"Ümitvar olunuz, şu istikbal inkılâbı içinde en yüksek gür sada İslâm'ın sadası olacaktır."

Piyasalar

40 yıldır DNA'nın hikmetli yaratılışı üzerine çalışan Nobel ödüllü Sancar DNA'yı anlattı

14 Mayıs 2016, Cumartesi 13:45
Nobel Kimya ödülünü alan Prof. Dr. Aziz Sancar'ın adı, kuruluşunda katkısı bulunduğu İzmir Uluslararası Biyotıp ve Genom Enstitüsü'nün konferans salonuna verildi.

Onur ödülü alan Aziz Sancar, basın toplantısında Nobel ödülünü aldığı DNA onarımına yönelik soruları yanıtladı, "Nobel'i almamın ikinci gününde Madalyayı Anıtkabir'e bırakmaya karar verdik. Çünkü madalya onların malı. Gençlere tavsiyem politikayla uğraşmasınlar. Bilimle uğraşsınlar" dedi. 

DNA onarımı mekanizmaları konusunda çığır açan çalışmalarıyla Nobel Kimya Ödülü kazanan Prof.Dr. Aziz Sancar, Dokuz Eylül Üniversitesi tarafından adına düzenlenen Onur Günü etkinliğine katıldı.

DEÜ Tıp Fakültesi bünyesinde oluşturulan İzmir Uluslararası Biyotıp ve GENOM Enstisüsü (IBG) ev sahipliğinde gerçekleştirilen programa, İzmir Büyükşehir Belediye Başkanı Aziz Kocaoğlu da katıldı. IBG Müdürü Prof. Dr. Mehmet Öztürk, merkezdeki oditoryuma Aziz Sancar adını verdiklerini belirterek, “Bundan böyle bu binadaki her toplantıda onun adını hatırlayacağız, hatırlatacağız" dedi.

Dokuz Eylül Üniversitesi Rektörü Prof.Dr. Mehmet Füzün ise “Türk bilim insanlarına bu onuru yaşattığı, özgüvenleri artırdığı ve moral-motivasyon verdiği için Aziz Sancar'la onur duyuyoruz. Sayın Sancar'ın IBG Danışma Kurulu Üyesi olması da bizim için ayrıca gurur vermektedir" dedi. İzmir Büyükşehir Belediye Başkanı Aziz Kocaoğlu, “Umutluyuz. Çünkü gençlerimizin önünde, Aziz Sancar gibi bir başarı abidesi var. Neden gençlerimiz tüm dünyanın kaderini değiştirecek yeni büyük buluşlara imza atmasın? Neden Aziz Sancar'ların sayısını artırmayalım? Ben o günlerin geleceğine tüm benliğimle inanıyorum" dedi.

Nobelli Sancar'a çeşitli kurum ve kuruluşların ödül takdiminin ardından, Prof.Dr. Aziz Sancar Oditoryumu'nun kurdelası kesildi.

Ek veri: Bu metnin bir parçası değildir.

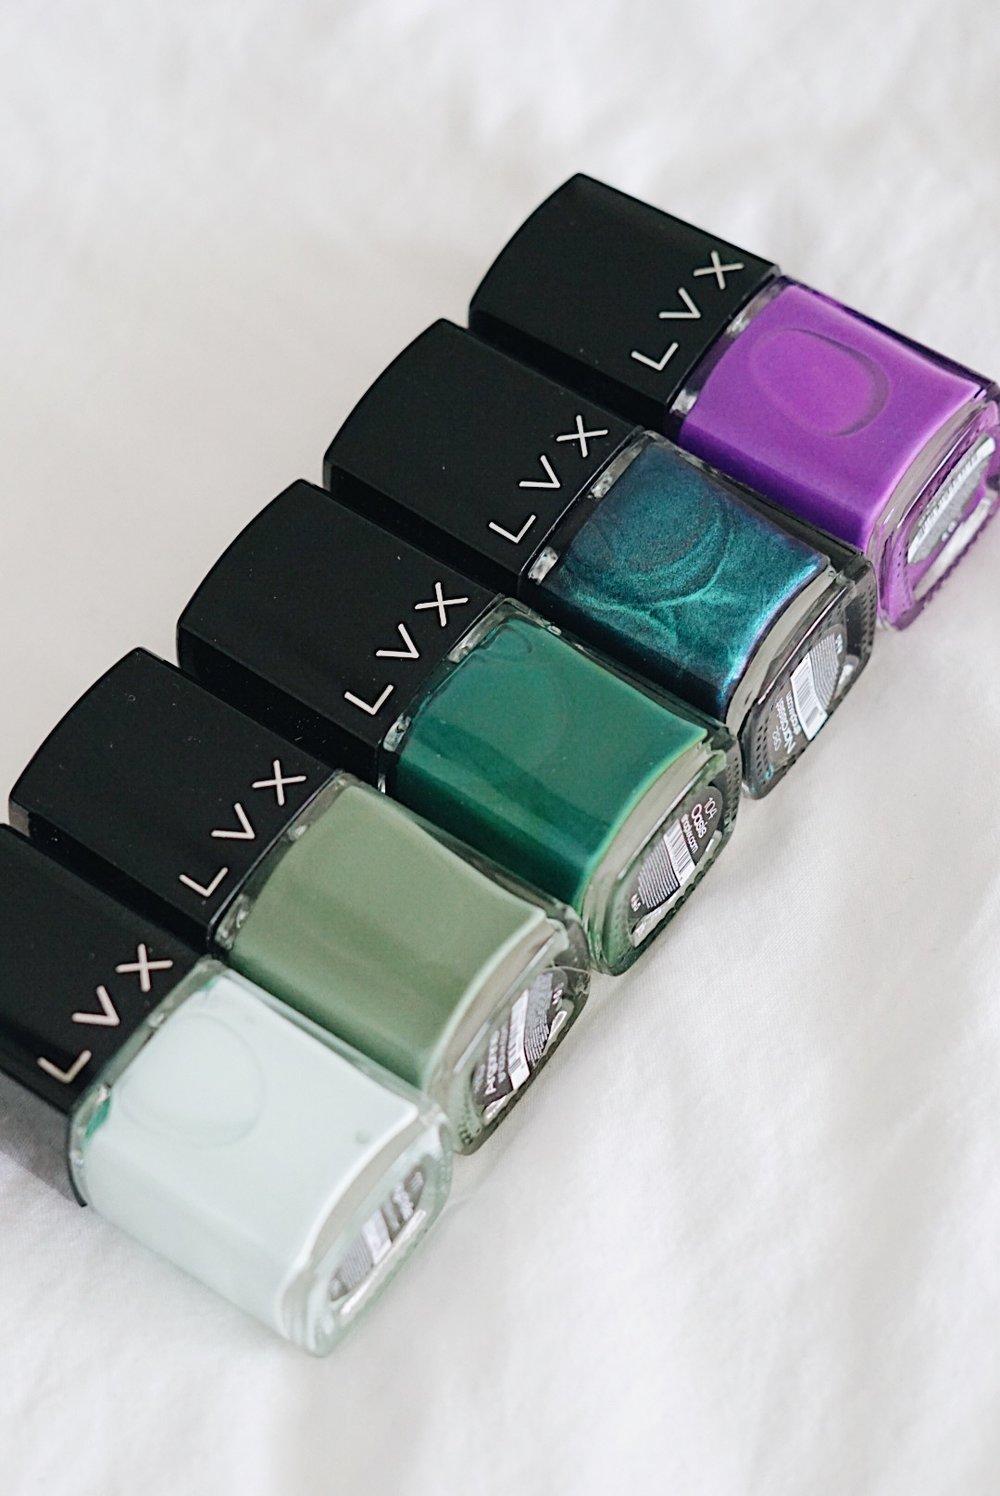 LVX-Nail-Polish-7-Free-seven-free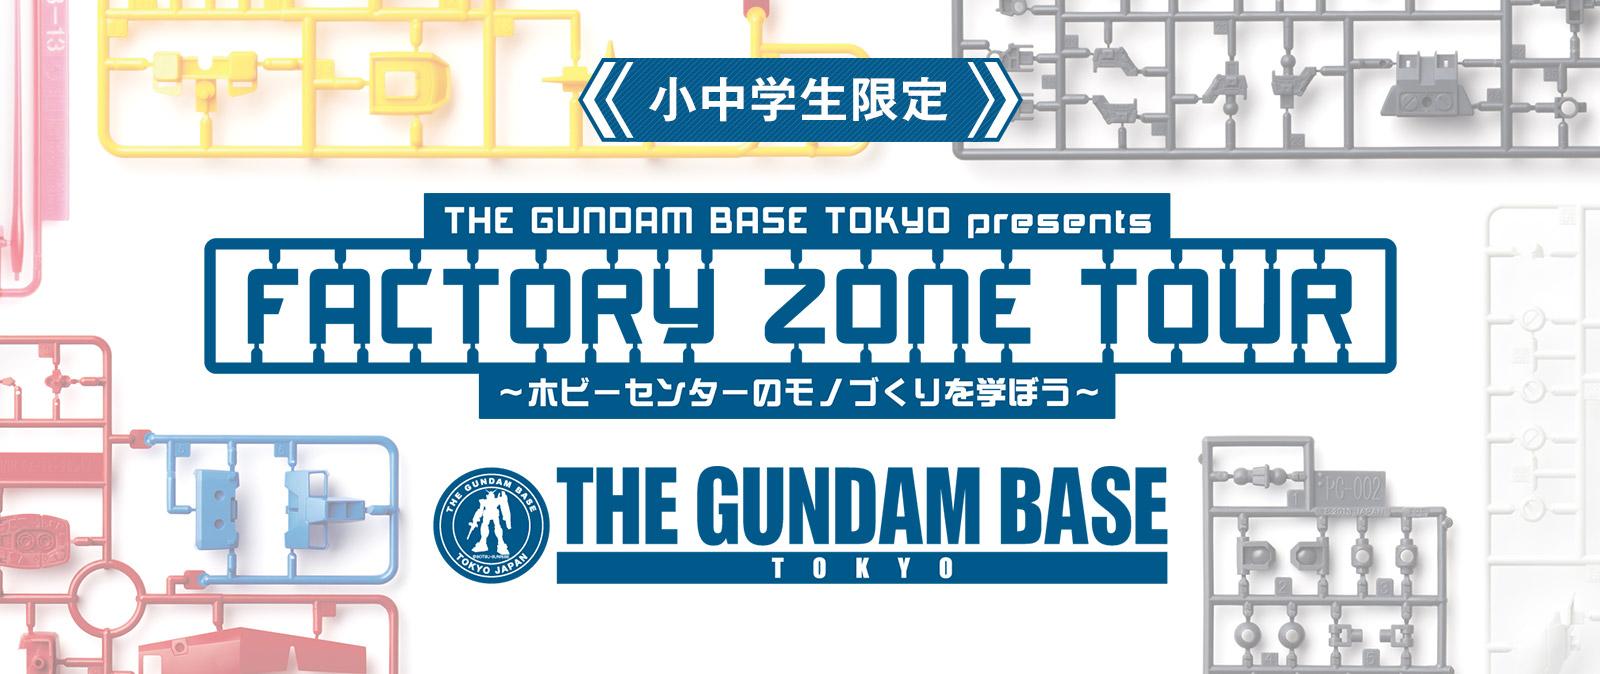 FACTORY ZONE TOUR 12月14日(土)開催!

SİGARA İÇERSENİZ DNA ONARIMI ONUNLA BAŞA ÇIKAMAZ

Bilim insanlarından öğrencilerden yoğun ilgi gören Prof. Dr. Aziz Sancar, ardından yine isminin verildiği salonda basın toplantısı düzenledi. Burada ödül aldığı DNA onarımına yönelik soruları yanıtlayan Prof. Dr. Aziz Sancar, DNA onarımından elde edilen gelişmelerin hastalara uygulanıp uygulanmadığı yönündeki soruya, “DNA onarımı kanseri önlemekte önemli bir mekanizmadır. Kanserin en büyük sebebi sigara içmektir. Sigara içerseniz benim DNA onarımı onunla başa çıkamaz, kanser olursunuz. DNA onarımı birçok kanser ilacının DNA tahribatını onarır ve kanser hücrelerini yok etmede daha etkili olması için çalışıyoruz. İleride hastalara uygulanacak seviyeye ulaşacağına eminim" dedi. 

Nobel ödülü alan Sancar, 40 yıldır DNA'nın hikmetli yaratılışı üzerine çalışıyor

İsveç Kraliyet Bilimler Akademisi, İsveç Akademisi, Karolinska Enstitüsü ve Norveç Nobel Komitesi tarafından kimya dalındaki Nobel ödülüne layık görülen Prof. Dr. Aziz Sancar, 40 yıldır DNA onarımı üzerinde büyük titizlikle çalıştığını söyledi.

Devamını okumak için tıklayınız:

http://www.yeniasya.com.tr/bilim-teknoloji/nobel-odulu-alan-sancar-40-yildir-dna-nin-hikmetli-yaratilisi-uzerine-calisiyor_361807

KENDİMİZ YAPMAMIZ LAZIM

Temel bilimin önemine de değinen Prof. Dr. Sancar, “Her şey temel bilime dayanır. 1953 yılında DNA'nın şekli keşfedildiği zaman, temel bilimde sağlık alanlarında büyük bir yenilik açtı. Onun üzerinde çalışanlar da, ben de, 'kanseri tedavi edeceğim' diye düşünmüyordum. DNA onarımı üzerinde çalışırken kanseri tedavi edeceğim diye işe başlamadım. DNA nasıl onarılır onun üzerinde çalıştım ve mekanizmasını çözdüm. Bu da kanserin tedavisinde önemli olacaktır. Bu temel bilimlerde öyledir. Tıbbi bilim, temel bilime dayanmadan olmaz. Biz sürekli Avrupa'dan ABD'den ithal edemeyiz, kendimiz yapmamız lazım. Tekrar tekrar vurgulamak istiyorum" dedi. 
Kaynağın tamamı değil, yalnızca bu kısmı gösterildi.